Upload a file containing the record to a new S3 key (more on keys below)
Update the row in DynamoDB with a pointer to the new S3 object

If the upload to S3 fails, or we discover there’s already a newer version in DynamoDB, we’re okay. The DynamoDB record stays the same, and because each new record is uploaded to a new S3 key, the existing S3 pointer is still correct.

And to retrieve a record, it’s the same process in reverse:

Read the row from DynamoDB, and get a pointer to S3
Download the file from S3

Technical details

Versions in DynamoDB

Our source systems don’t give us a versioning scheme — they only tell us when a record was last updated — so we have to provide our own.

When we want to update a record, we:

Read the existing record. If there isn’t one, we write a new record with version 1.
Check if the existing record has a last updated date which is newer than the update we’re about to write. If the existing record is newer, we can discard the update immediately. If the updated record is newer, we write our updated record, and increment the version by 1.

When we write to DynamoDB, we do a conditional write that says “the current version is what we read in step 1”. That way, we know nobody else has written something else in the meantime.
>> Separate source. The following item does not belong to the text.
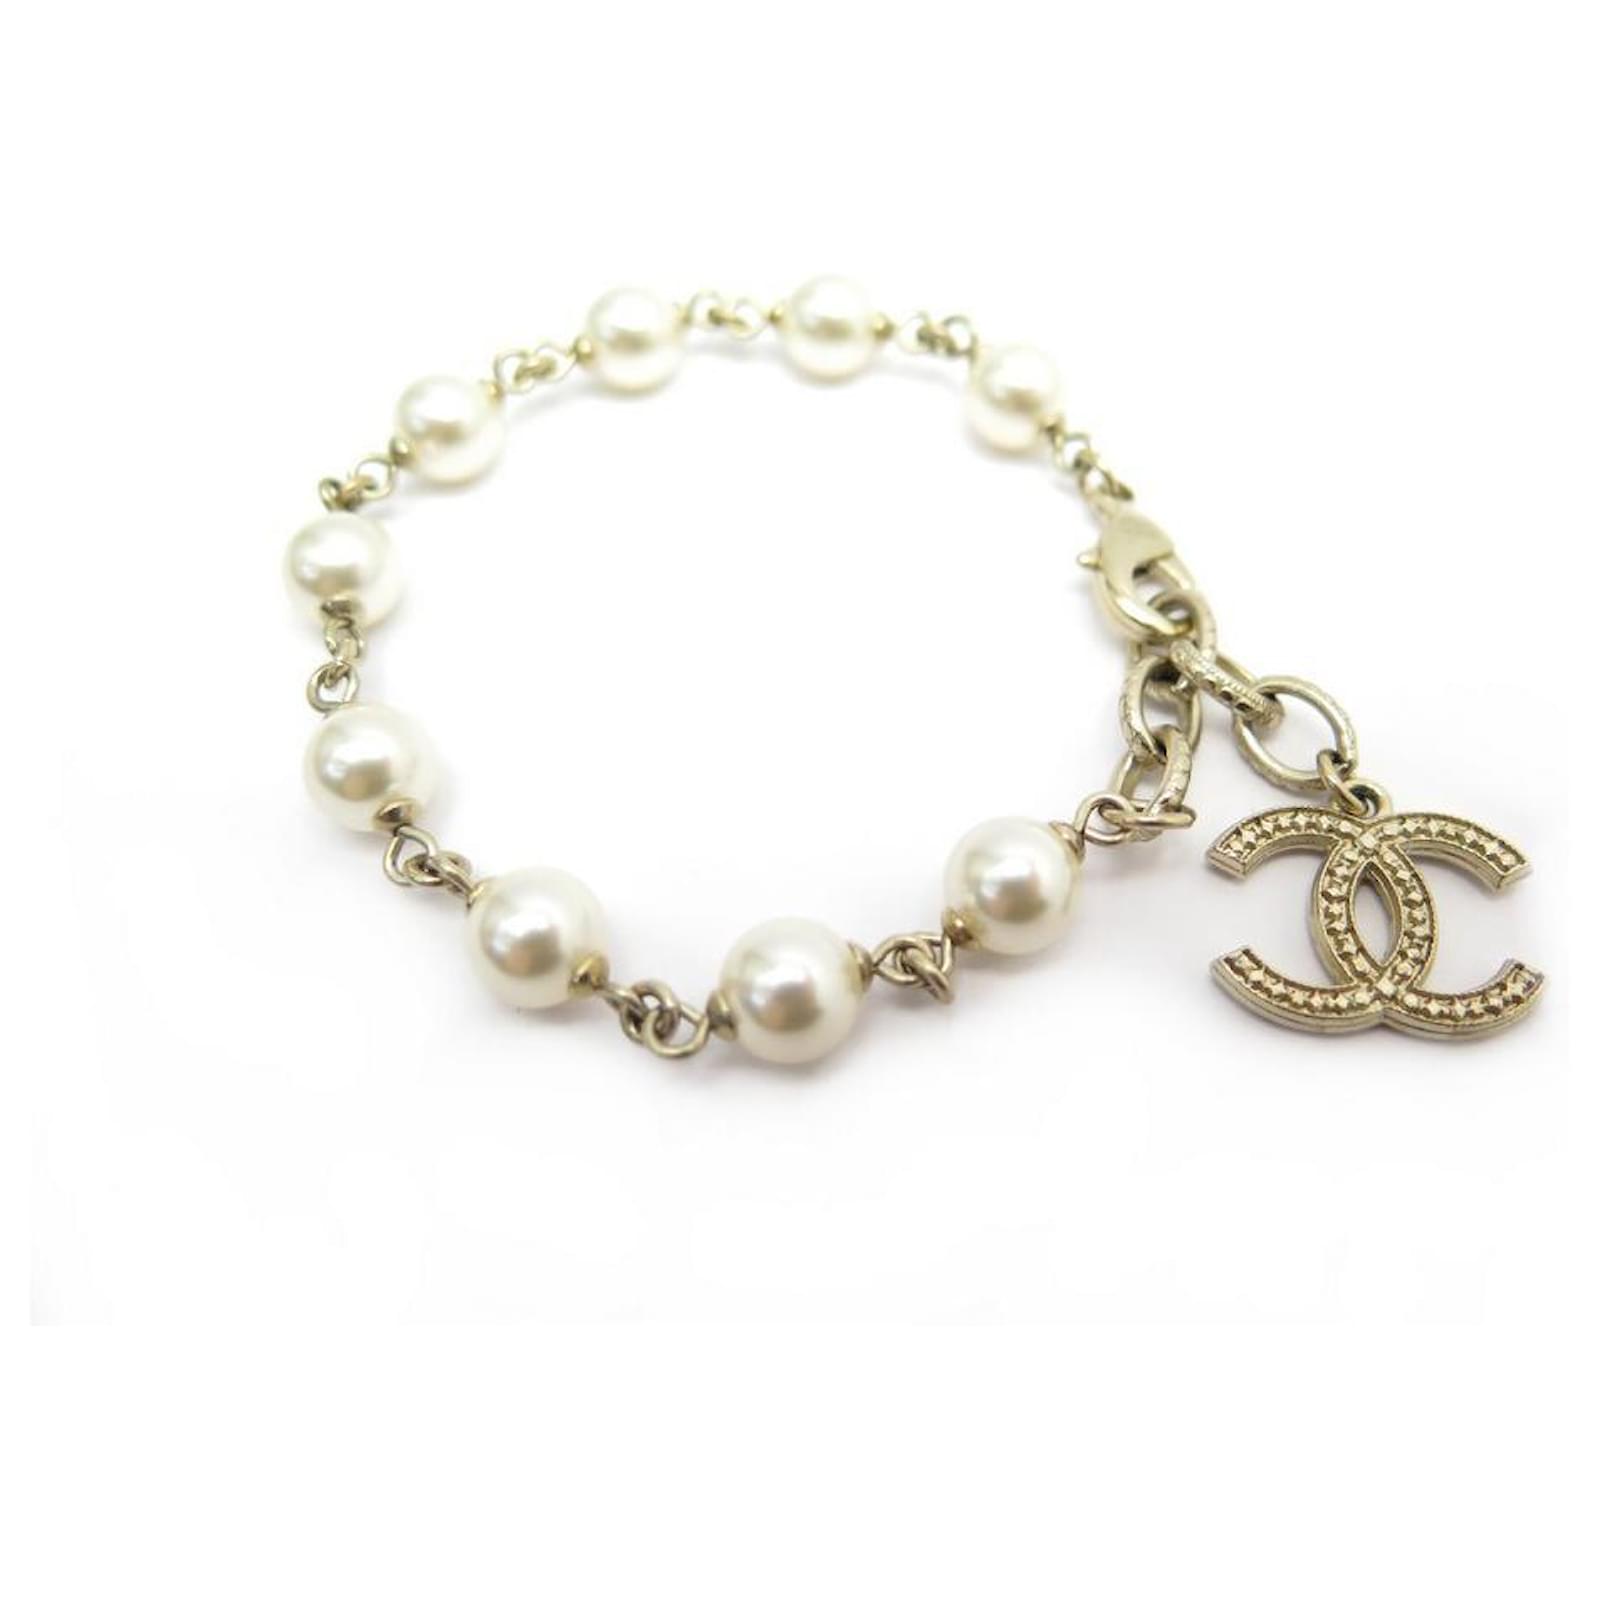 NEW CHANEL PEARL BRACELET & CC LOGO 16 a 19 CM IN METAL GOLD PEARLS NEW ...

If the write fails, we retry from step 1. If we retry several times and it never stores successfully, we assume there’s something faulty about the record and send it to a dead-letter queue. This triggers an alarm, and we can investigate the fault.

Choosing an S3 key

We write S3 keys with the following pattern:

s3://{bucket-name}/{shard}/{id}/{hash(content)}.json

Storing all the copies of the same ID under a common prefix is for humans — it’s occasionally useful for us to inspect the contents of the bucket. We could look up the pointer in DynamoDB, but having an easy-to-navigate structure is more convenient, and at no real cost.

We use sharding to spread keys across the bucket, which improves S3 performance.

The final part of the key is a MurmurHash3 of the file contents. This gives us deterministic names for our files — different files are written to different keys, so if an update is rejected in DynamoDB, the existing pointer is preserved. But if we upload the same filemultiple times, it always gets stored in the same key — which makes the bucket a bit neater, and reduces storage costs.

We have lots of VHS tapes in our Moving Image and Sound Collection — along with plenty of other old formats. Reusing this acronym has been in no way confusing. Image by Anthony from Pexels, CC0.

What’s in a name?

This data store holds versioned copies of records. It’s a hybrid of DynamoDB and S3. Hence, we settled upon the name Versioned Hybrid Store, or VHS for short.

We say “an instance of the VHS” to refer to the combination of the DynamoDB table and the S3 bucket.

Final thoughts

We’ve been using the VHS for a number of months, and it’s been pretty seamless. We had a few teething issues when we were sorting out the initial schema, and migrating the existing DynamoDB databases — but after that, it’s worked very well.

Like everything we’ve written, the VHS code is available on GitHub and under an MIT license. It tends to move around a bit, so this may not stay current for long — but the current version is in VersionedHybridStore.scala.

Thanks to Hannah Brown, James Gorrie, Robert Kenny, and Tom Scott for reviewing drafts of this post.